Exercise
Give the data back exactly. Leave out any images.

::: Data section :::

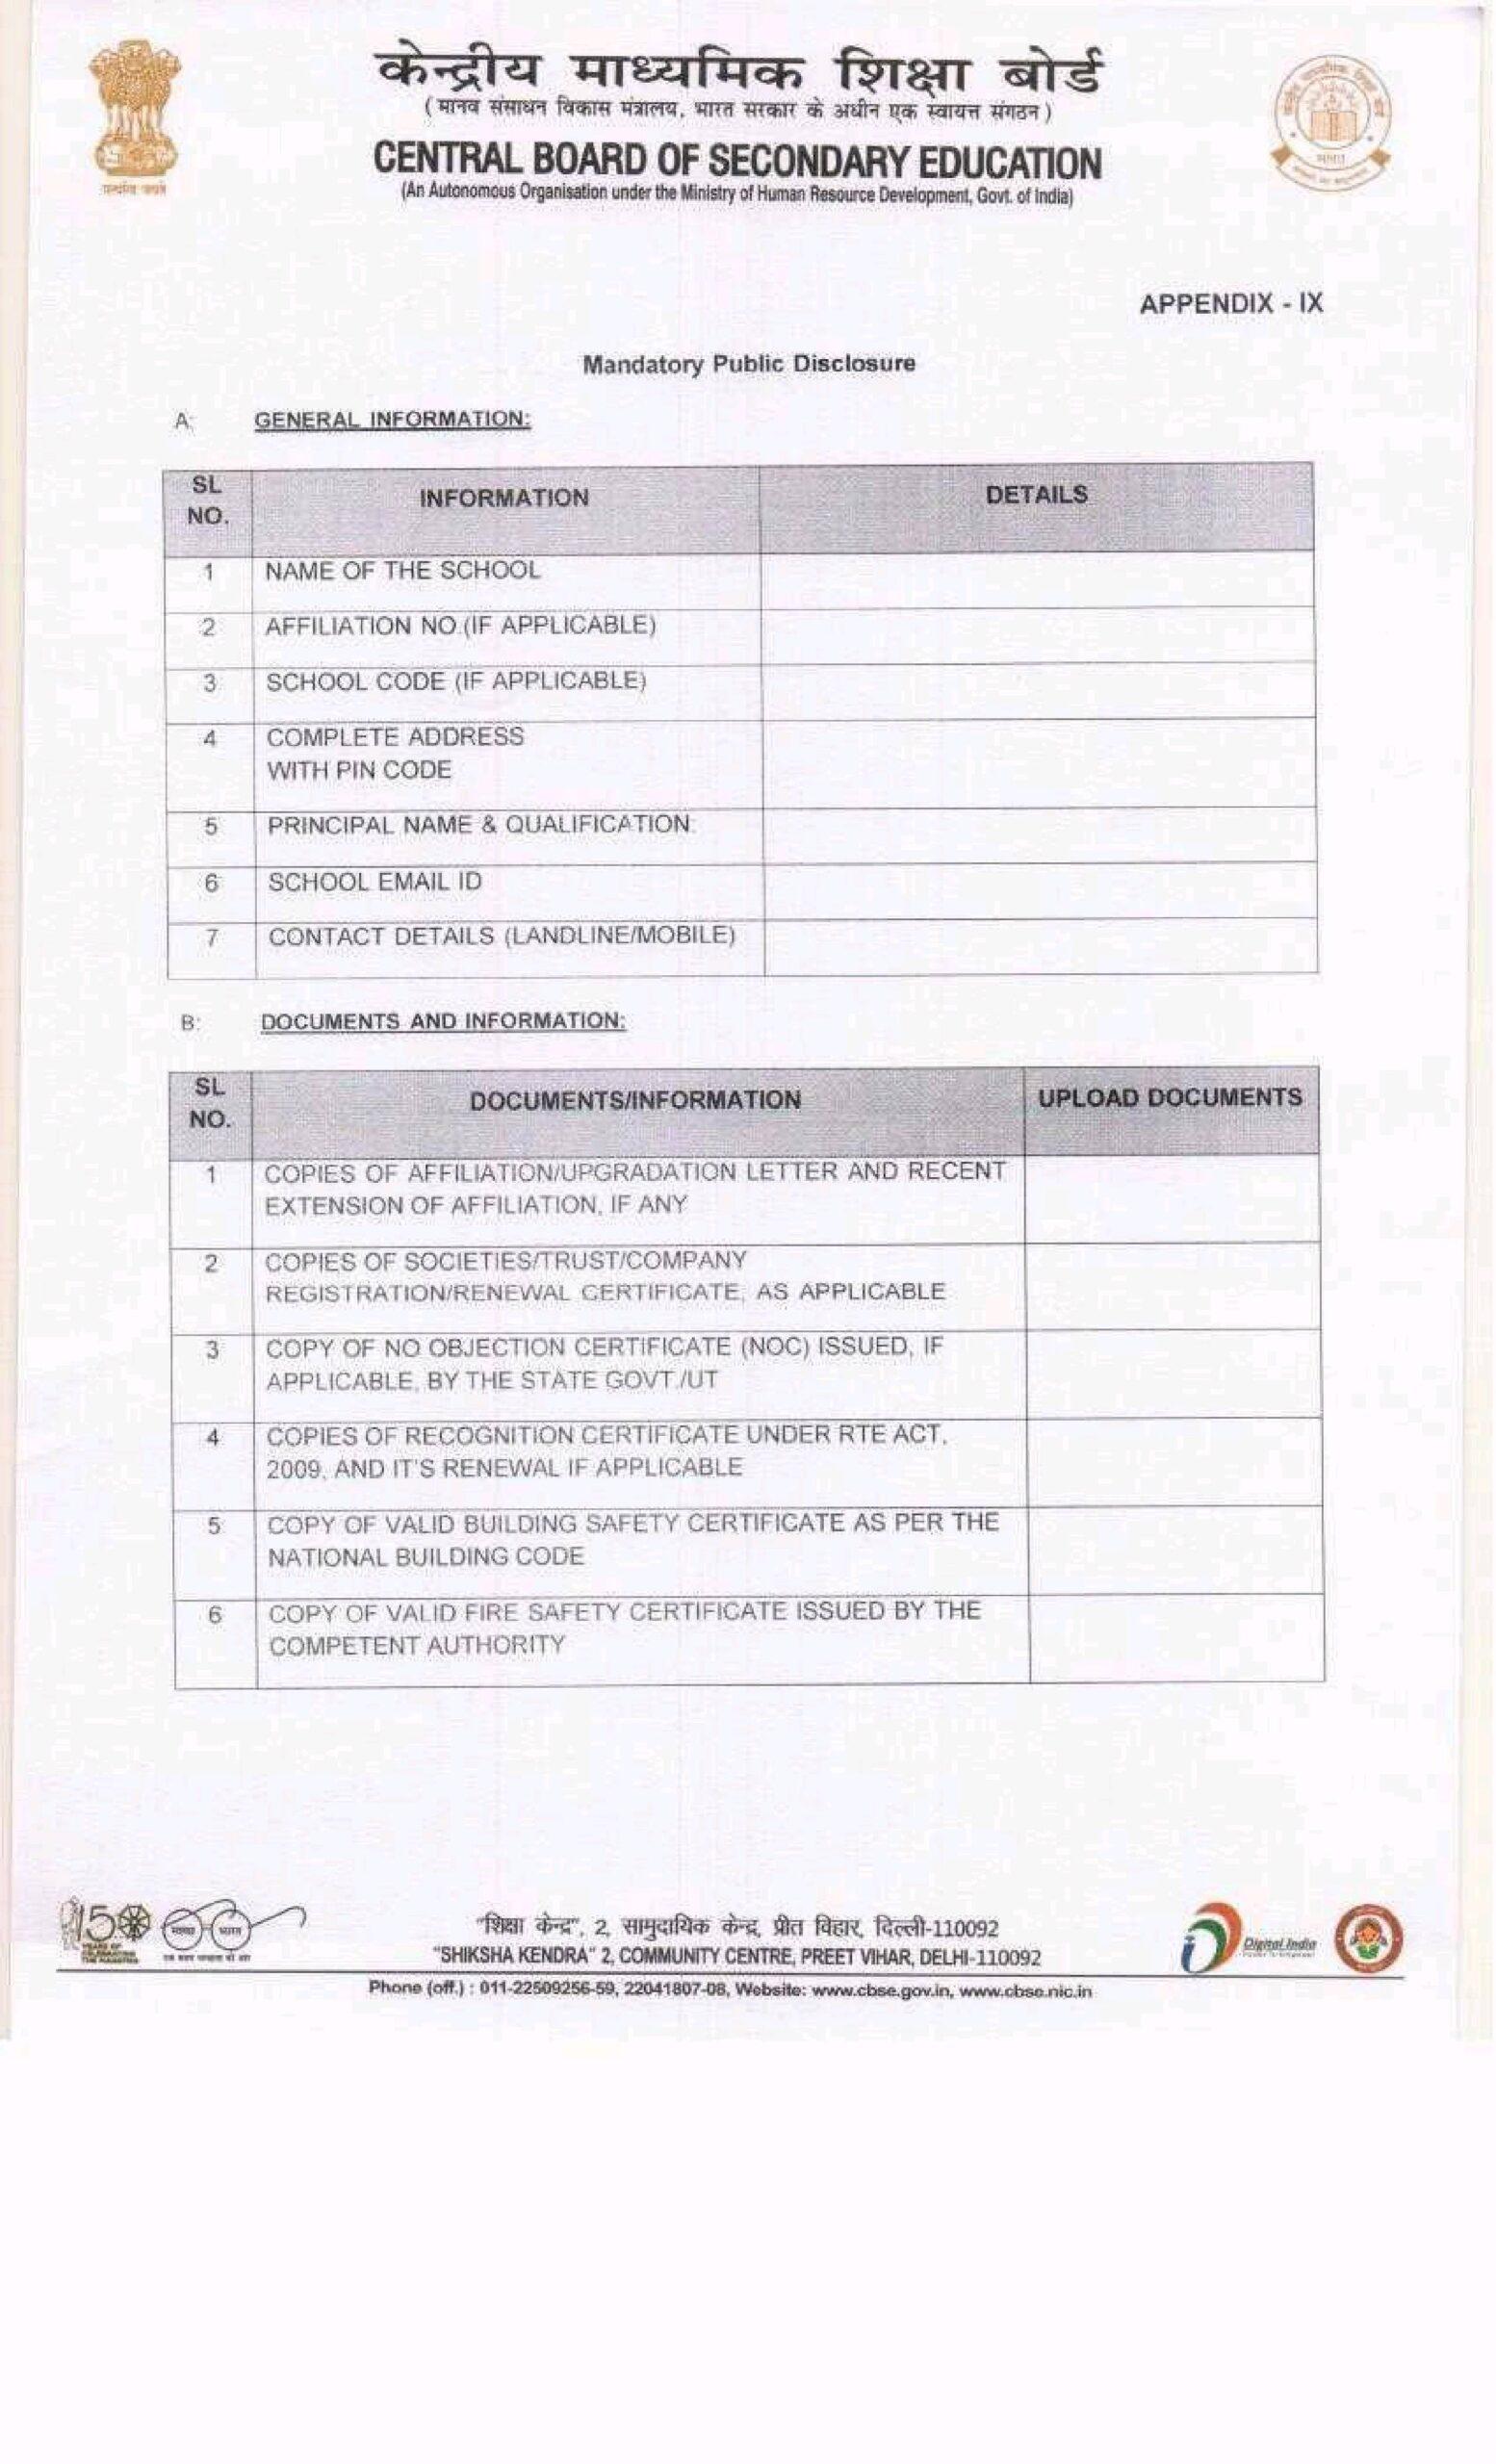 Madatory public disclosure (circular 09)_3
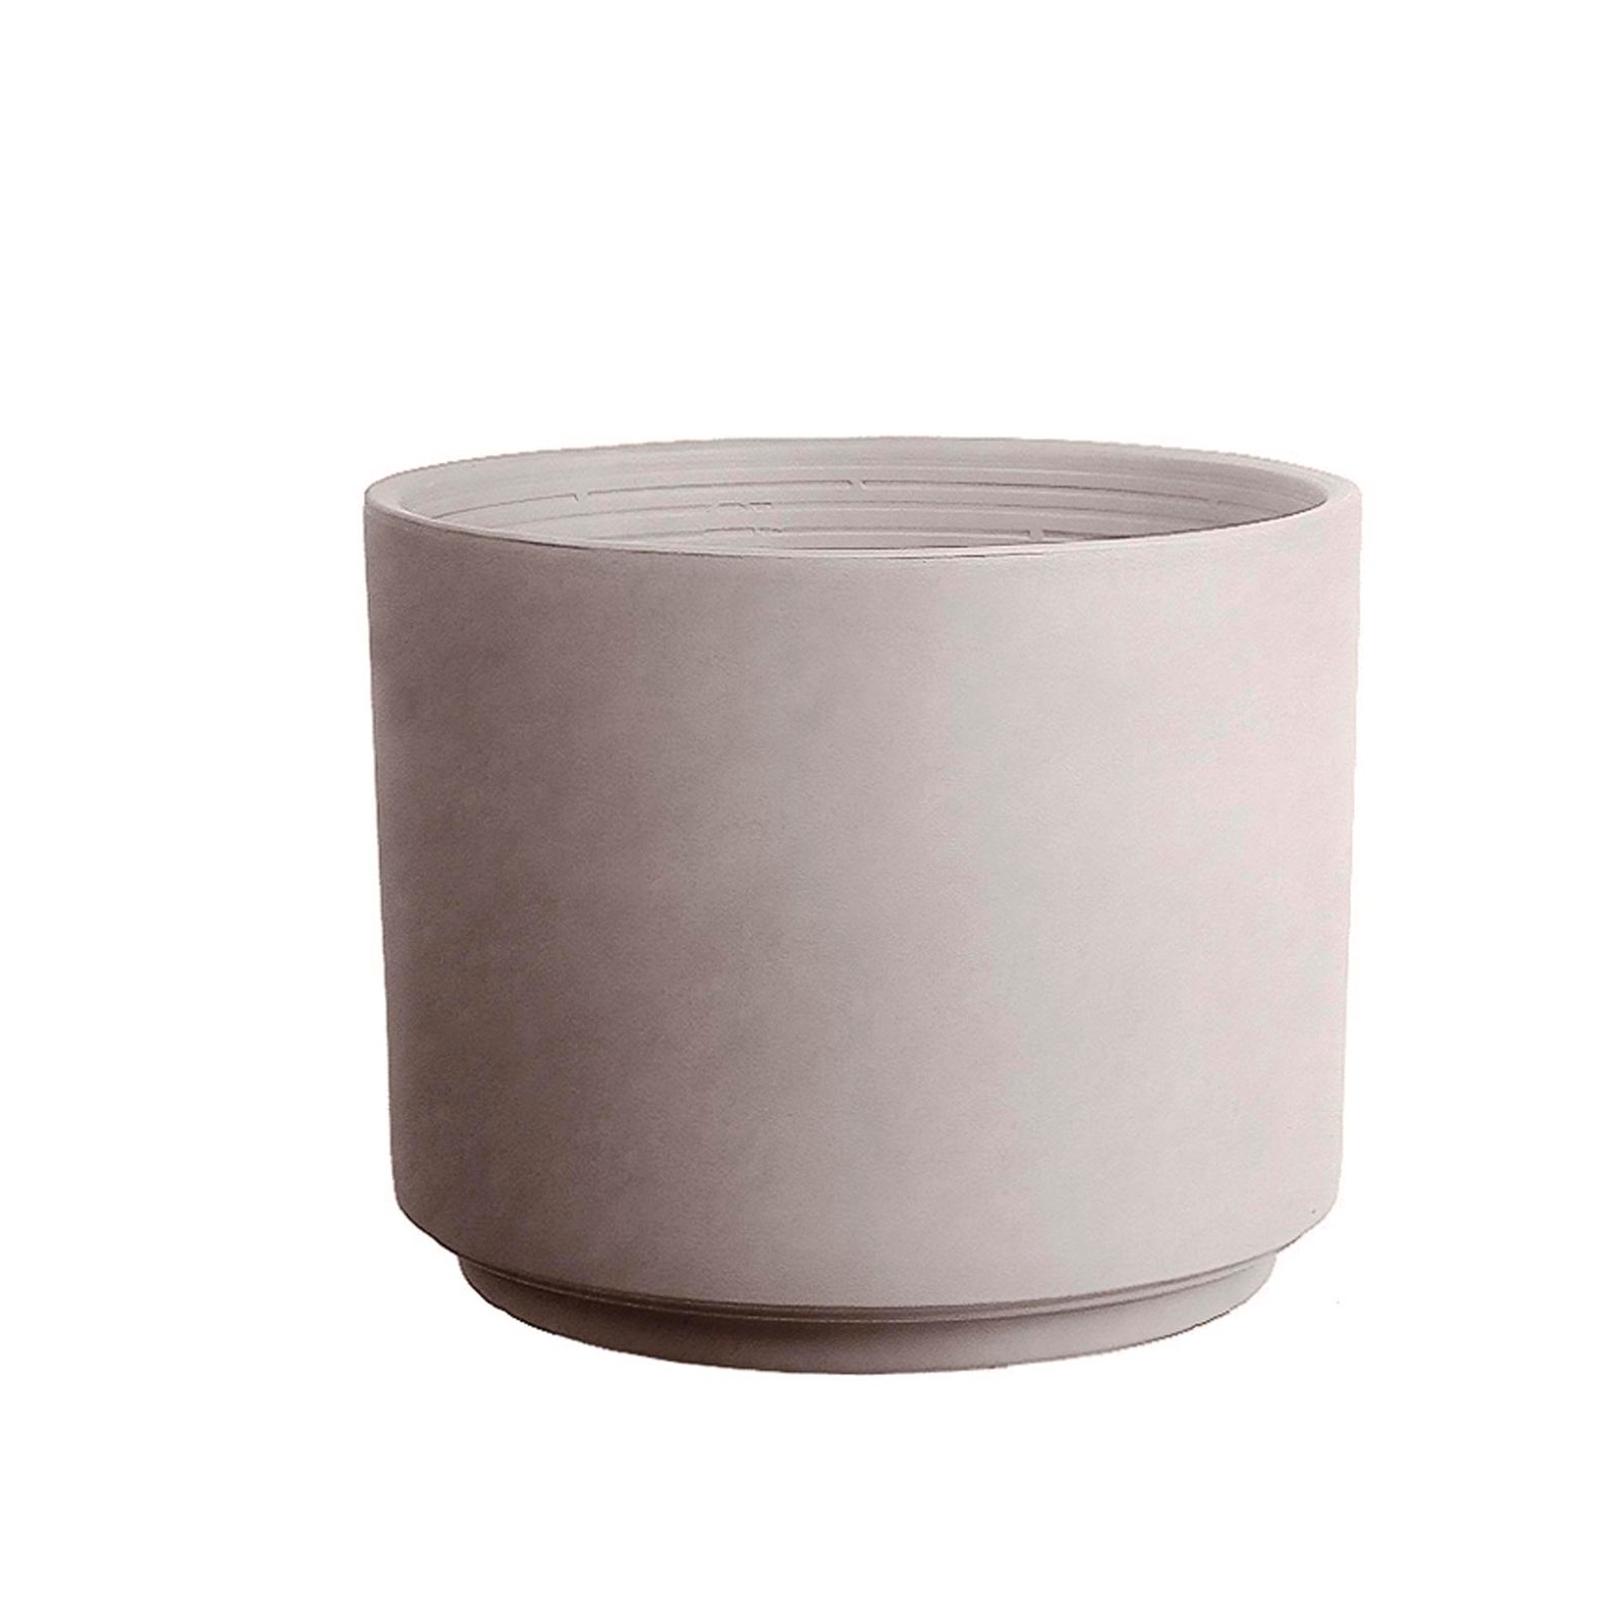 Northcote Pottery 25cm Italian Greige Terracotta Cylinder Pot
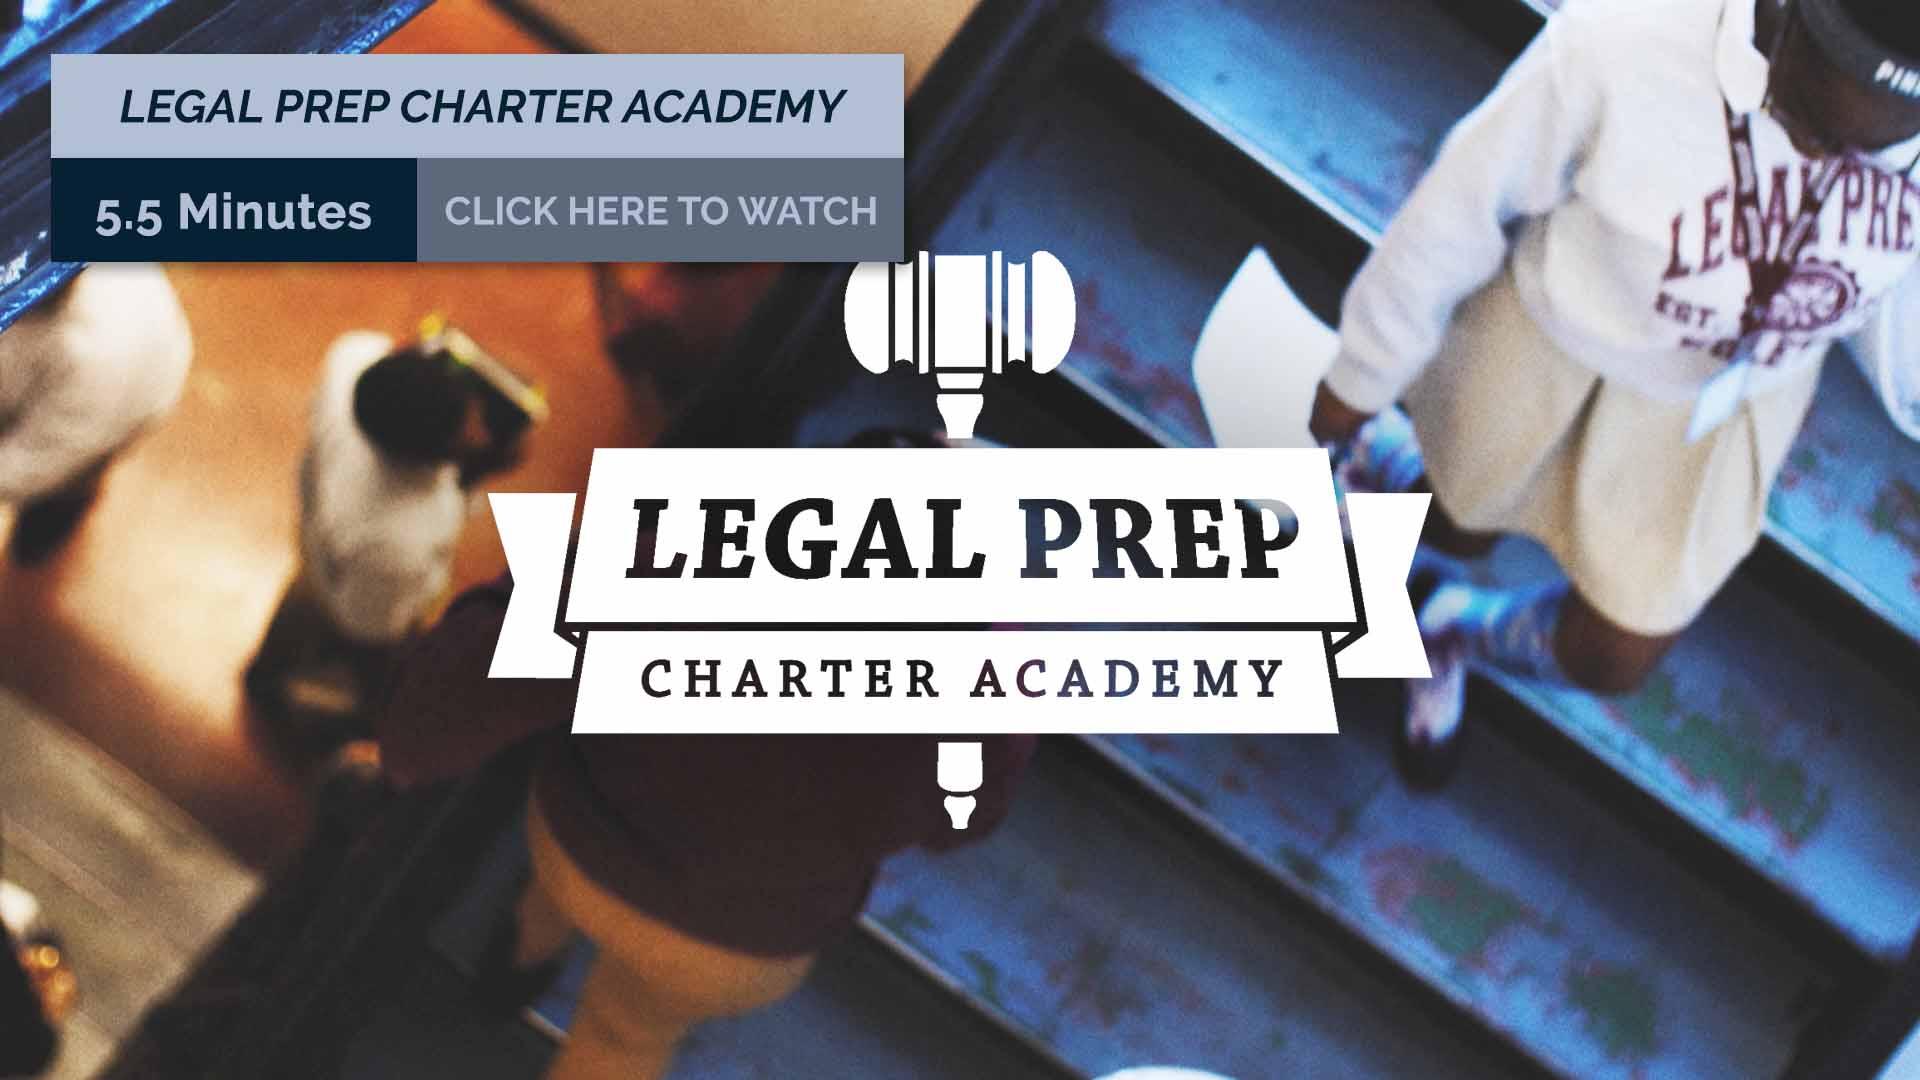 Legal Prep Slideshow Template

:::

Reply to the task
 Madatory public disclosure (circular 09)_3
 Northcote Pottery 25cm Italian Greige Terracotta Cylinder Pot
 Legal Prep Slideshow Template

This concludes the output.